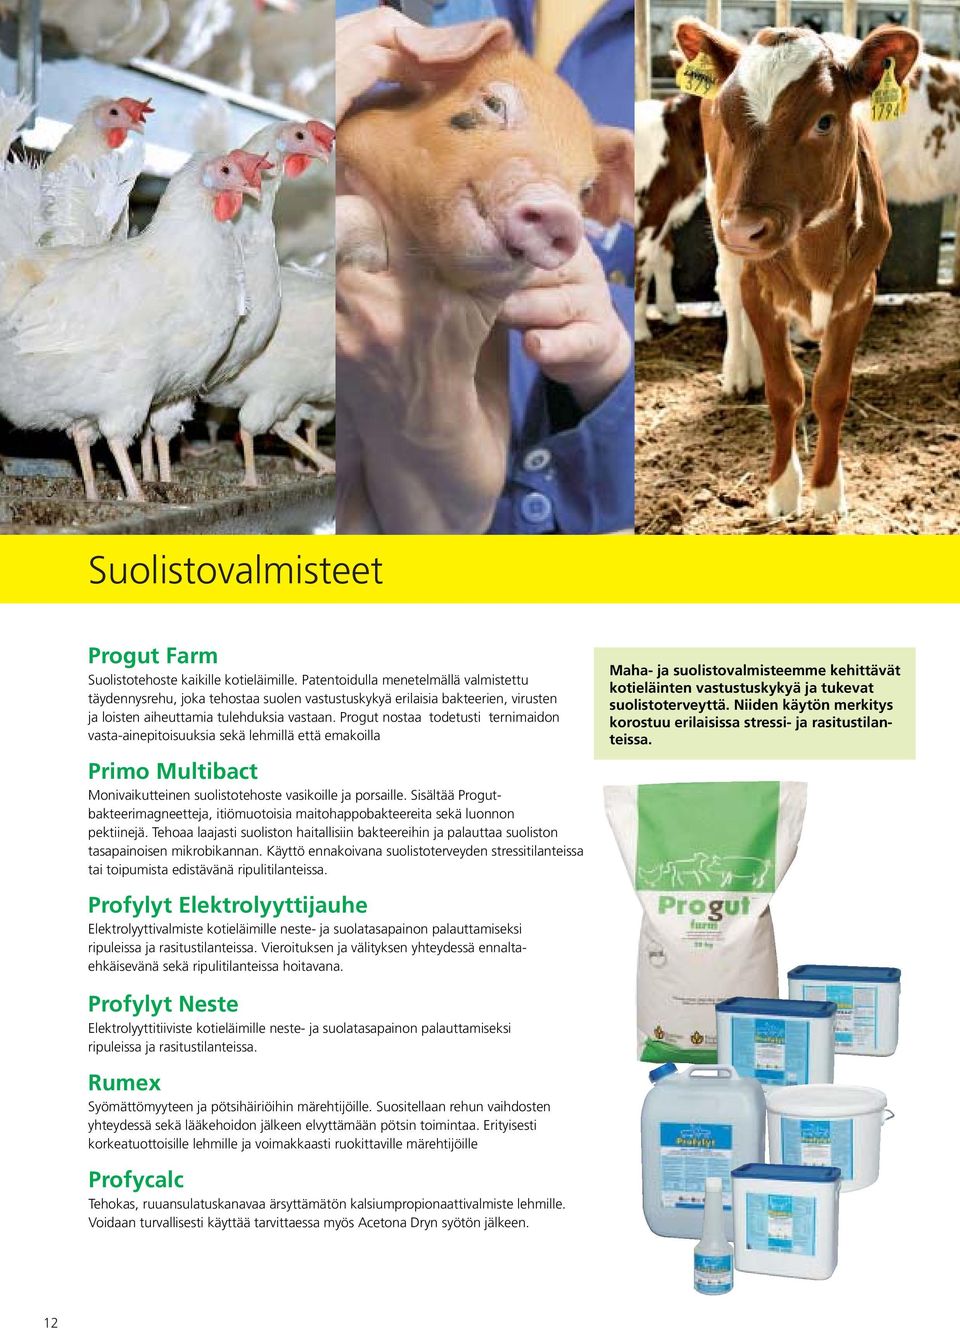 Progut nostaa todetusti ternimaidon vasta-ainepitoisuuksia sekä lehmillä että emakoilla Primo Multibact. Monivaikutteinen suolistotehoste vasikoille ja porsaille.
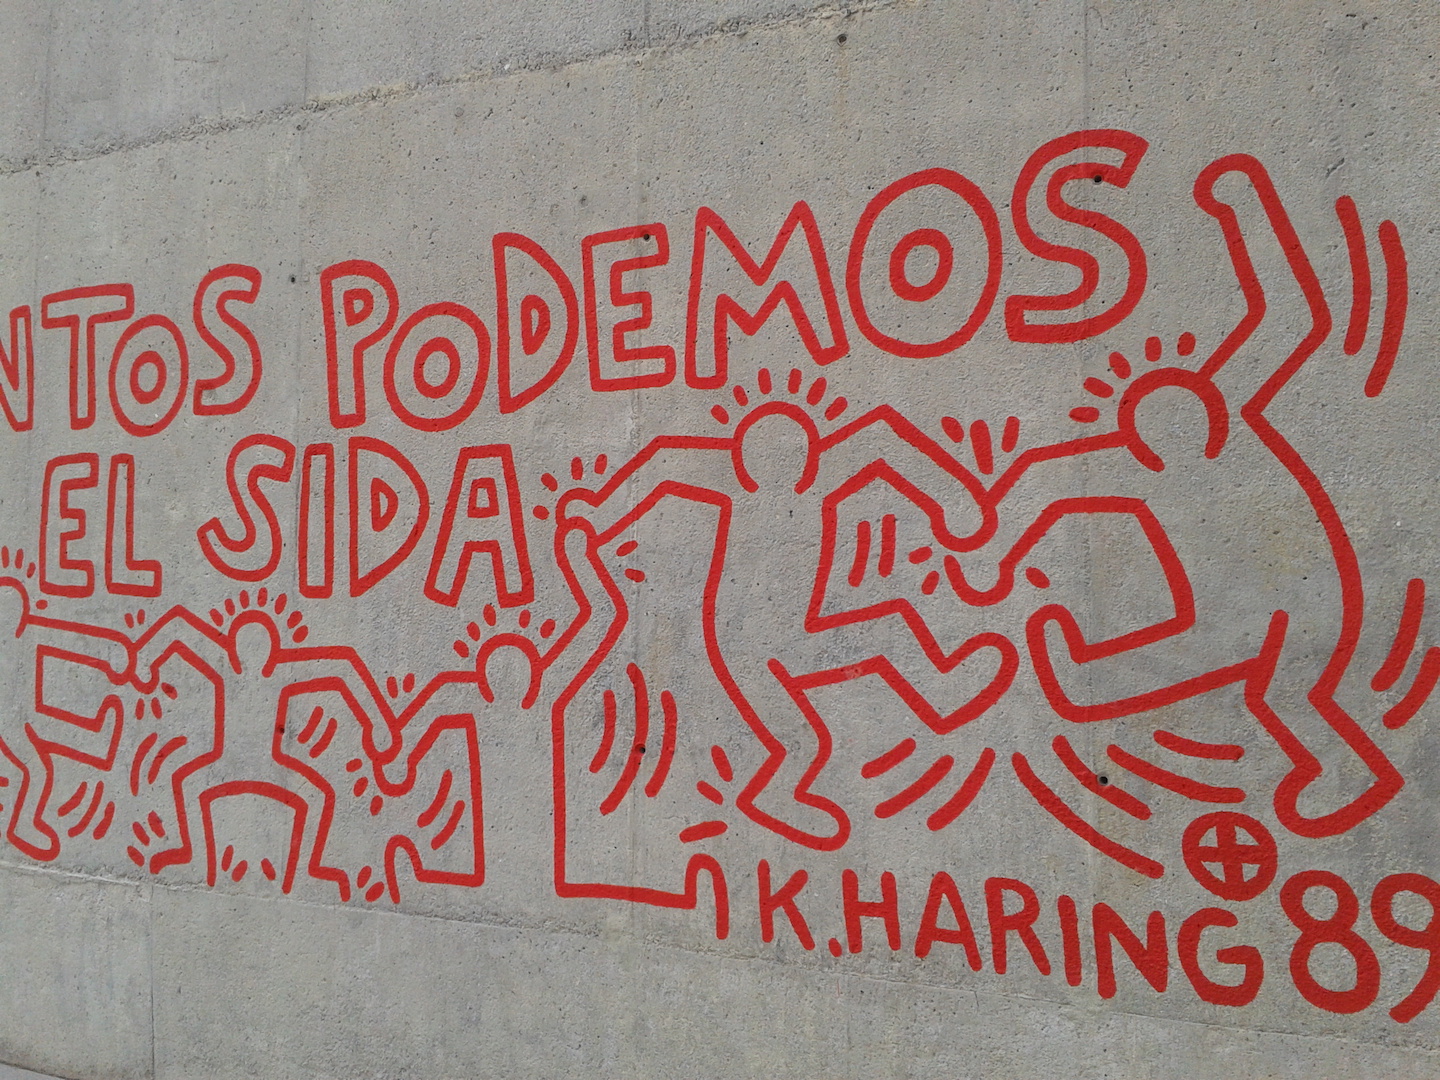 Reproduccio?_mural_Keith_Haring_Barcelona_03.jpg
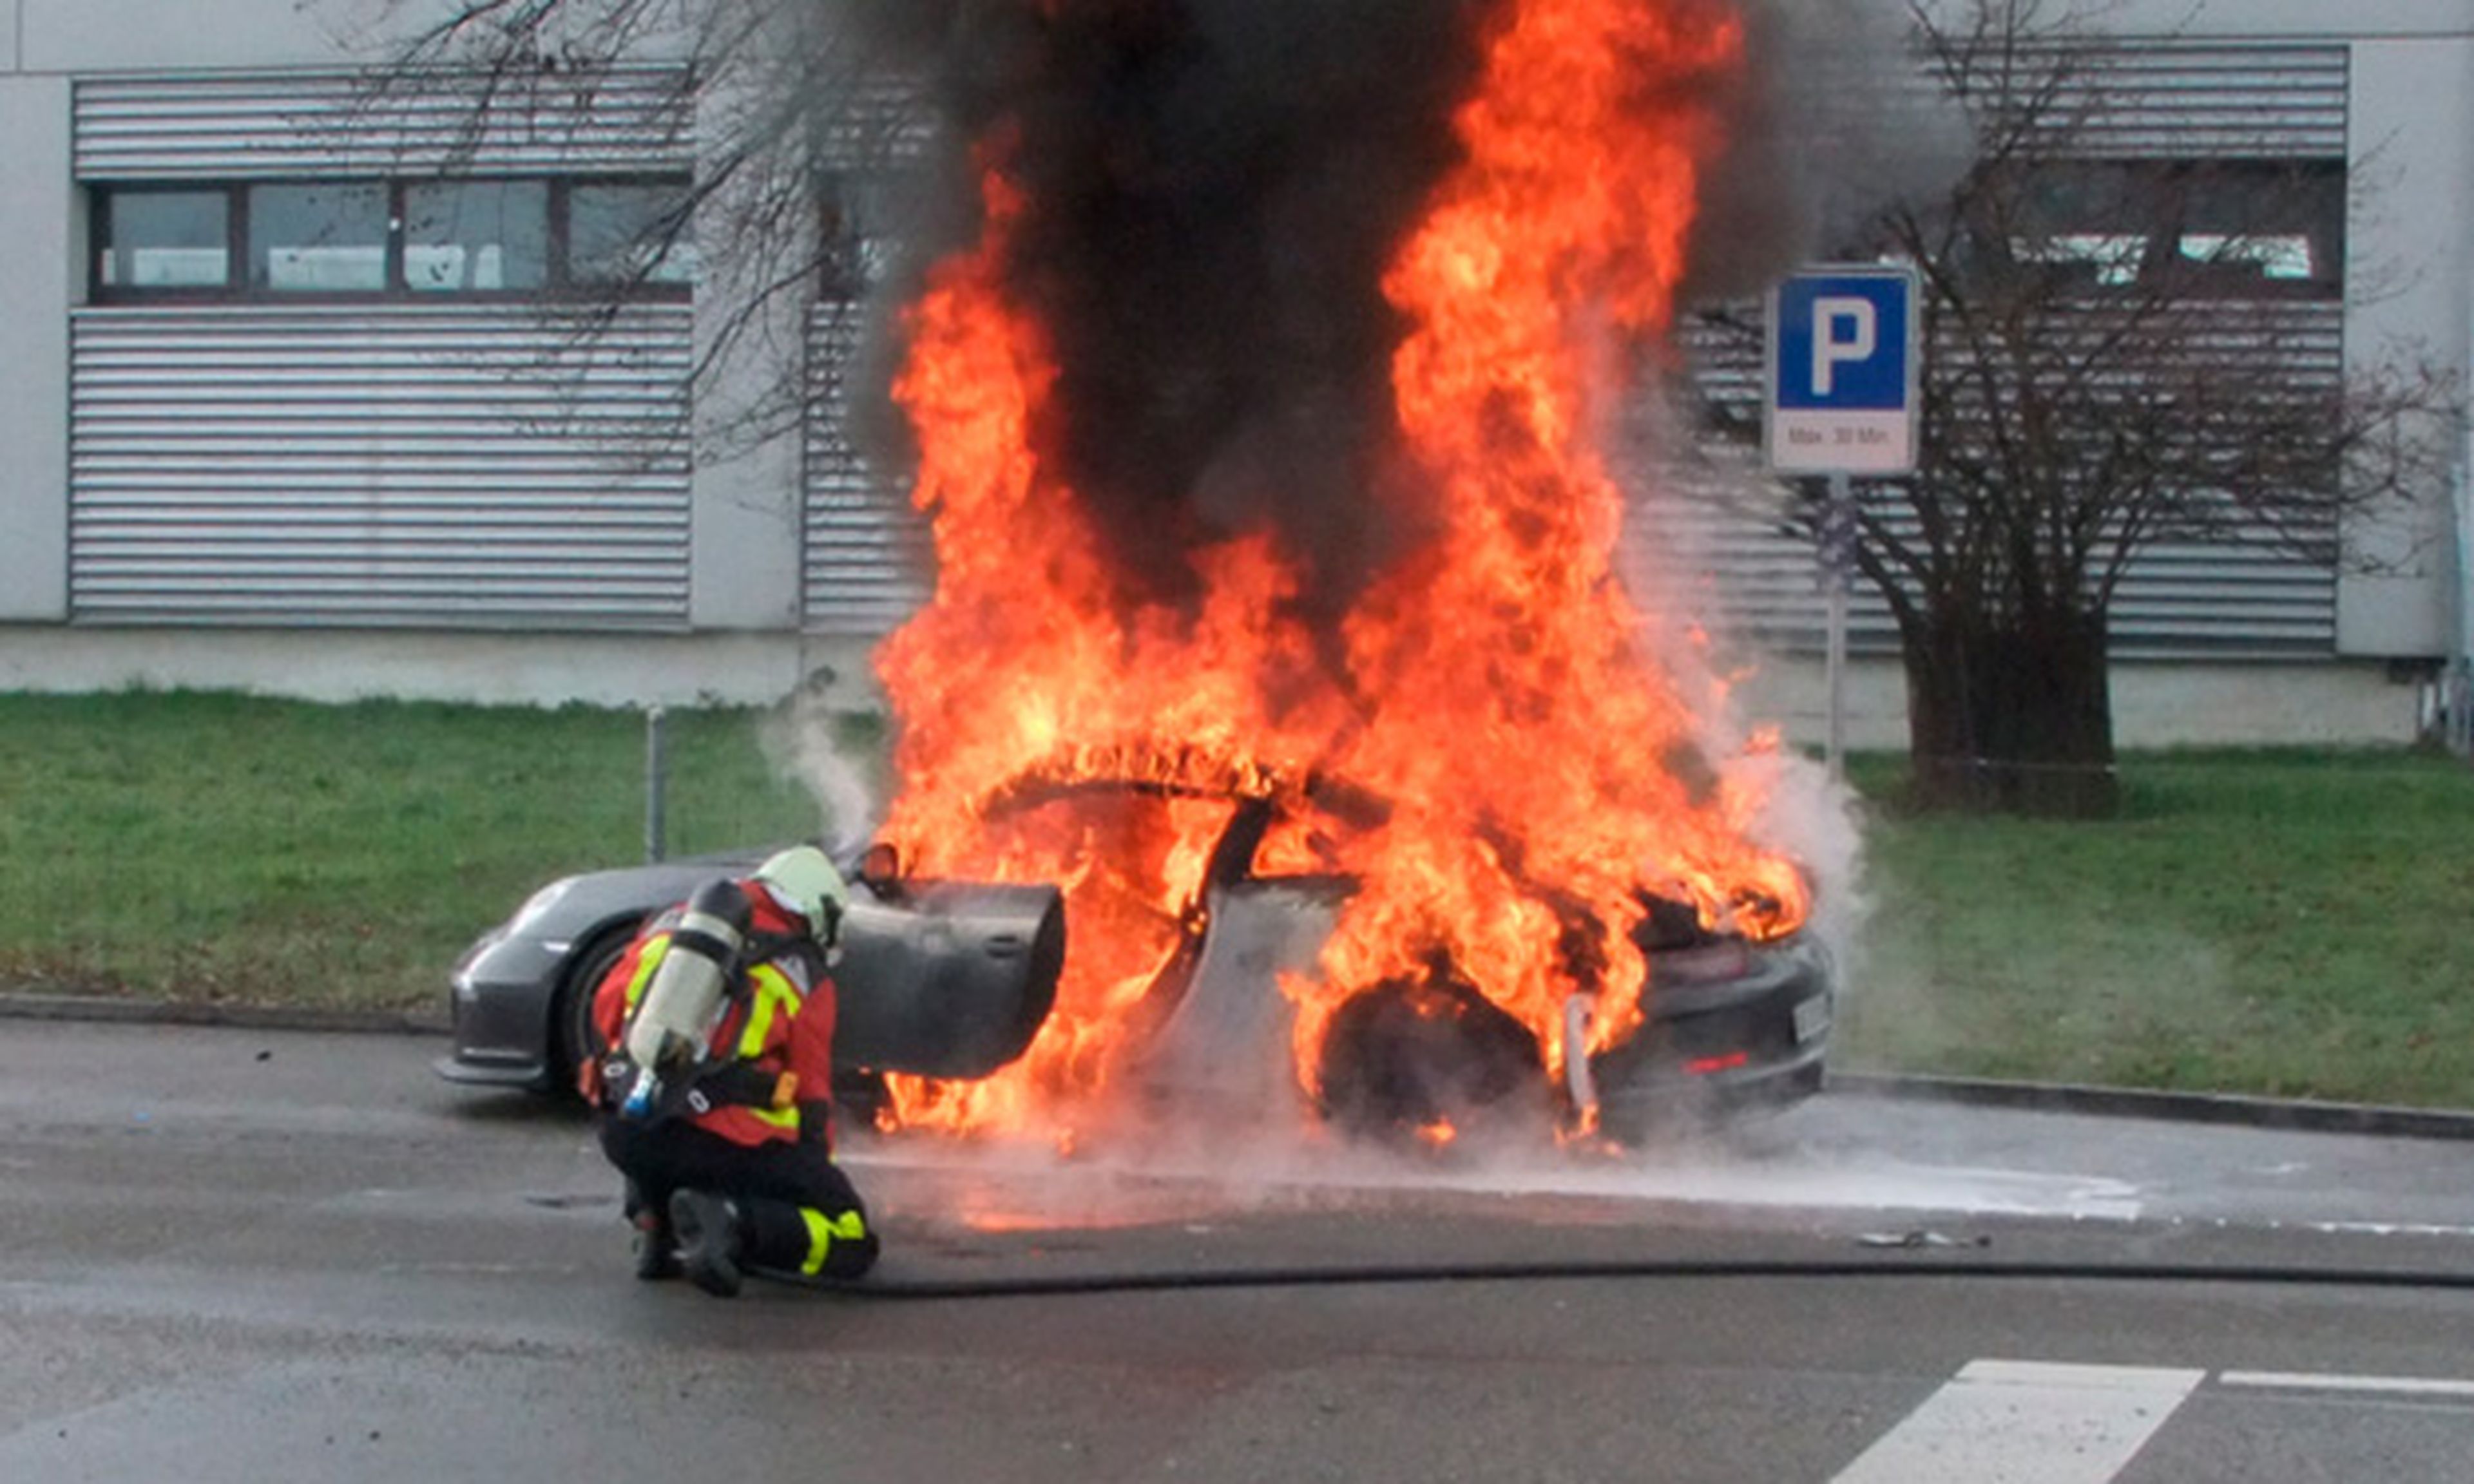 Venta del 911 GT3 podría pararse por incendio de una unidad

*-*-*

*WHAT NEEDS TO BE DONE*.
Give back the material exactly as written, images excluded.

*SOLUTION BELOW*.
 Progut nostaa todetusti ternimaidon vasta-ainepitoisuuksia sekä lehmillä että emakoilla Primo Multibact. Monivaikutteinen suolistotehoste vasikoille ja porsaille.
 Reproduccio?_mural_Keith_Haring_Barcelona_03.jpg
 Venta del 911 GT3 podría pararse por incendio de una unidad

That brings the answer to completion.